В это же утро нынче пришел тот, кто мне переписывает, один поручик, Иванов. Он потерянный и прекрасный человек. Он ночует в ночлежном доме. Он пришел ко мне взволнованный. «У нас случилось ужасное: в нашем номере жила прачка. Ей 22 года. Она не могла работать – платить за ночлег было нечем. Хозяйка выгнала ее. Она была больна и не ела досыта давно. Она не уходила. Позвали городового. Он вывел ее. «Куда же, – говорит она, – мне идти?» Он говорит: «Околевай, где хочешь, а без денег жить нельзя». И посадил ее на паперть церкви. Вечером ей идти некуда, она пошла назад к хозяйке, но не дошла до квартиры, упала в воротах и умерла».
Из частного дома я пошел туда. В подвале гроб, в гробу почти раздетая женщина с закостеневшей, согнутой в коленке ногой. Свечи восковые горят. Дьячок читает что-то вроде панихиды. Я пришел любопытствовать. Мне стыдно писать это, стыдно жить. Дома блюдо осетрины, пятое найдено не свежим. Разговор мой перед людьми мне близкими об этом встречается недоумением: зачем говорить, если нельзя поправить. Вот когда я молюсь: Боже мой, научи меня, как мне жить, чтобы жизнь моя не была мне гнусной. Я жду, что Он научит меня».
Нетрудно узнать в этом описании содержание XXIV главы, где эти два факта переданы почти буквально, только с еще большими трагическими, художественно обработанными подробностями. И эта живость фактов, эта наличность живых документов придает еще больше значения этой замечательной книге.
Глава 3. Бремя жизни. Посланничество. Земельный вопрос
В половине 80-х годов шла напряженная борьба правительства с революционным движением. Жертв было много, и ко Льву Николаевичу стекались просьбы родственников пострадавших об облегчении их участи. Л. Н-ч редко отказывал в такого рода помощи и передавал просьбу своим влиятельным друзьям. Одною из таких была его родственница, графиня Александра Андреевна Толстая, и вот в 1884 г. мы видим целый ряд писем Л. Н-ча, в которых он просит ее исходатайствовать те или другие льготы для политических ссыльных. И среди этих писем есть чрезвычайно характерные для Л. Н-ча строки. В ходатайства о ссыльных вплетается вопрос о вере, и Л. Н-ч как бы отбивается от дружеских попыток к обращению. В мае 1884 г. он пишет:
«Очень грустно будет, если Армфельд не позволят жить с дочерью. Она уже начала надеяться. Хочется сказать и скажу: в каком же мире мы живем, если о том, чтобы мать могла жить с несчастной дочерью, – несчастной, потому что ее держат на каторге люди же нашего мира, – если об этом нужно просить, умолять, хитрить и хлопотать?

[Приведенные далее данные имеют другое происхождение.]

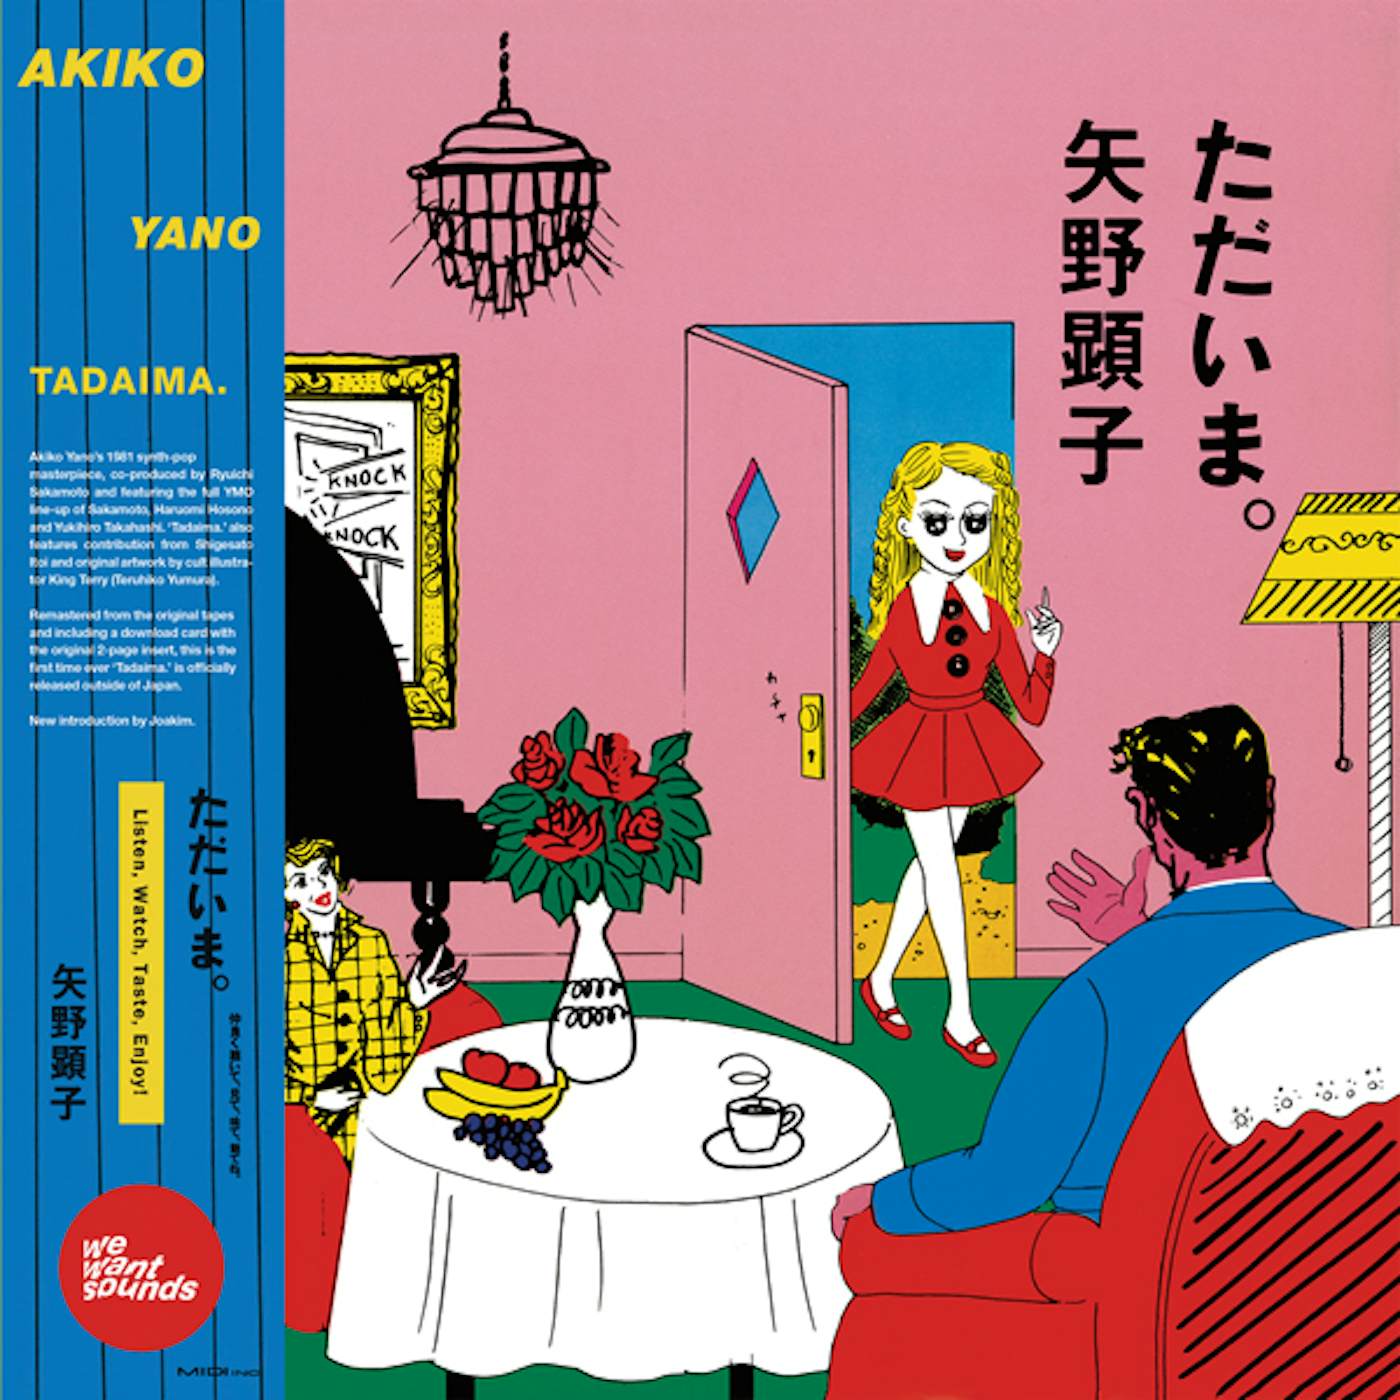 Akiko Yano TADAIMA Vinyl Record

Если есть еще миссионеры, есть люди, любящие своих братьев (не тех, которые на каторге, а тех, которые держат их там), то вот кого надо обращать с утра и до вечера: государя, министров, комендантов и др. Обращайте их, вы живете среди них, внушайте им, что если от их волн зависит облегчить участь несчастных и они не делают этого, то они нехристи и очень несчастны».
Немного позднее он защищается еще решительнее:
«Очень вам благодарен, милый друг, – пишет он А. А-не, – за участие и знаю (чувствую это по тону письма), что вы сделаете все возможное, и сделаете от сердца. Очень люблю вас за это. Но заметьте, я, по своей дурной, ложной, соблазнительной вере, я – хотя и гораздо менее добрый по сердцу человек, чем вы, но я по своей дурной дьявольской вере, ничего кроме доброго и любовного к вам не чувствую и не говорю; а вы, по своей хорошей вере, несмотря на вашу истинную доброту, на любовь ко мне, на мои мольбы не обращать меня (т. е., учтиво выражаясь, не говорить мне неприятностей), вы не можете воздержаться от того, чтобы не сказать тотчас же самого больного и оскорбительного, что только можно сказать человеку, именно, что то, что есть его святыня, есть адская гордость.
Я вашу веру люблю и уважаю, я не люблю только зло, – и вы тоже должны бы были не любить.
Жду с нетерпением ваших указании и очень благодарю и люблю вас; но, ради всего святого для вас, поймите, что и для других есть святое».
Но отношения их оставались дружескими. В одном из последующих писем он говорит ей: «Я все тот же вообще и к вам в особенности, т. е. считаю вас близким и дорогим мне человеком». Конечно, и А. А-на платила ему тем же.